E’ vero che in genere la riconoscenza – come suol dirsi – è un fiore che presto appassisce, ammesso pure che nasce, ma per noi cristiani non deve essere così: le generazioni future non devono dimenticare quanto la Mamma del cielo ha fatto nel passato per i suoi figli devoti.

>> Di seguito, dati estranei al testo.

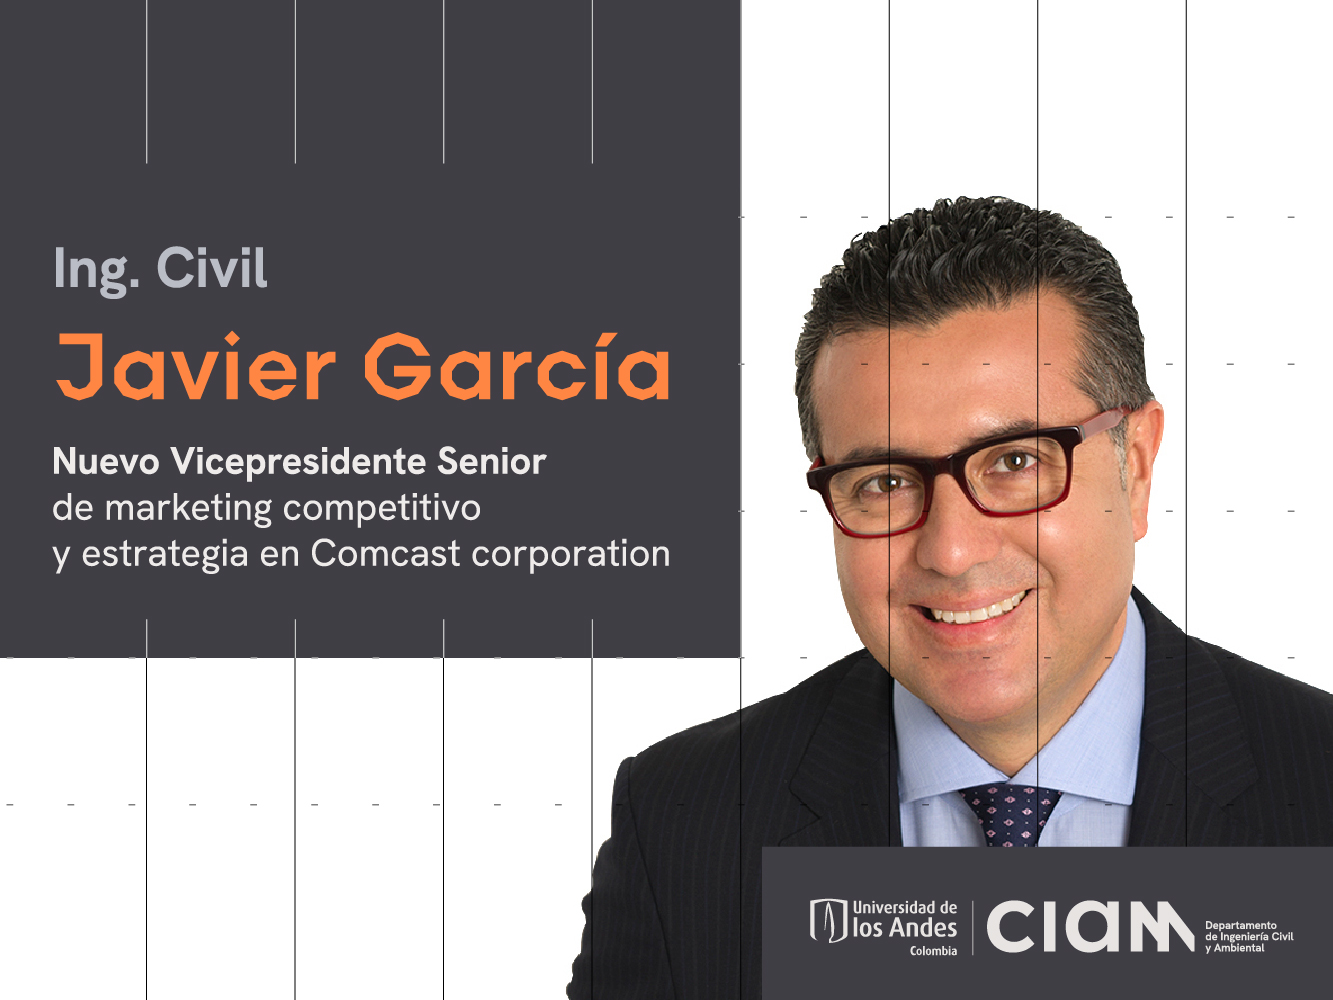 Ing. Civil Javier García Nuevo Vicepresidente Senior de marketing competitivo y estrategia en Comcast corporation
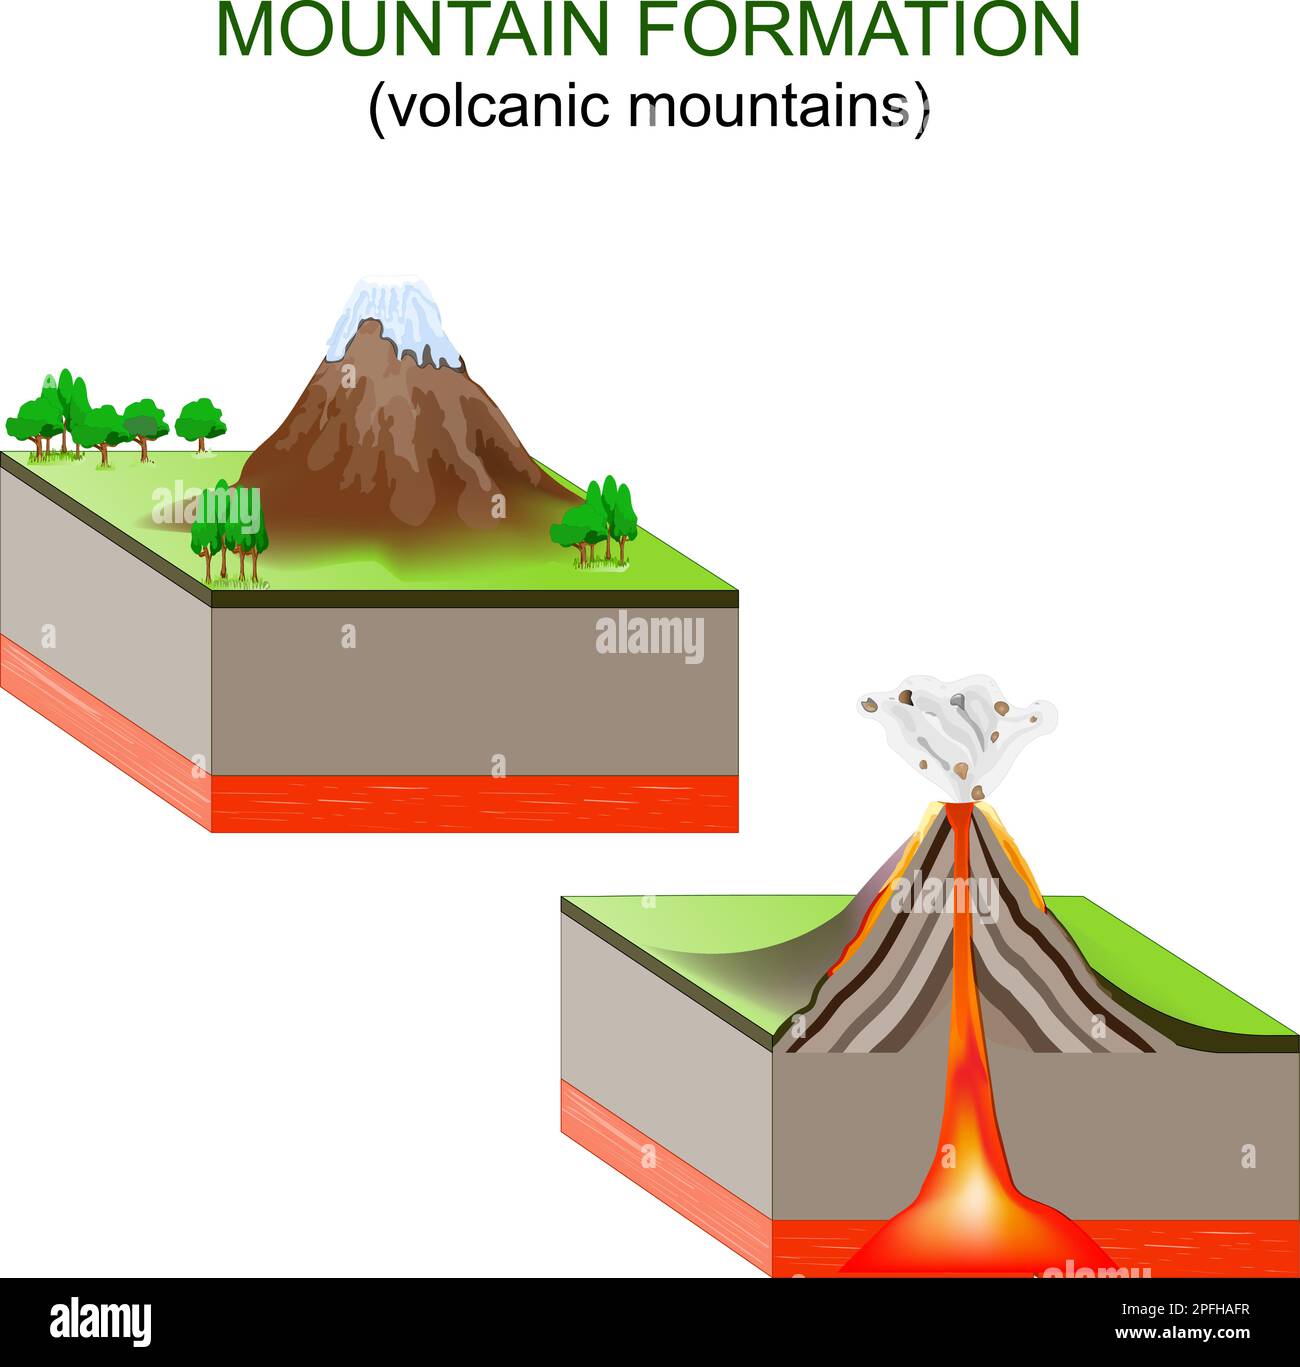 formazione di montagna. Montagne vulcaniche. I movimenti delle piastre tettoniche creano vulcani lungo i confini delle piastre, che eruttano e formano le montagne. Vect Illustrazione Vettoriale

E certamente non lo dimenticarono mai i 29 soldati aviglianesi che, fatti prigionieri nell’ultimo conflitto mondiale tra le arsure del deserto cirenaico, inviarono i loro miseri risparmi perché fosse costruita una nuova “cosa” al posto della vecchia malandata per portare la Statua della Madonna in processione, come lo si deduce dalla scritta che ancora oggi è possibile leggere, ivi scolpita: “I detti soldati prigionieri, memori e grati della prima grazia (essere cioè sopravvissuti alla tremenda battaglia n.d.r.) già ricevuta da Maria, a cui fidenti hanno rivolto la loro prece e consacrato il loro cuore nel fervore del combattimento fra le arsure del deserto cirenaico e nella speranza di ritornare sani e salvi e con la vittoria italiana a ringraziare la Regina del Carmelo, offrono questa cona, consigliati dall’Arciprete Mons. Loffredo che per loro ha pregato e fatto pregare”.
La cona, con dentro scolpiti tutti e ventino. ve i nomi degli offerenti, fu intarsiata a pezzi dai vari artigiani aviglianesi, i quali vollero così manifestare anche la loro devozione alla Madonna: è quella nella quale ancora oggi è custodita la Statua della Madonna quando viene portato in processione.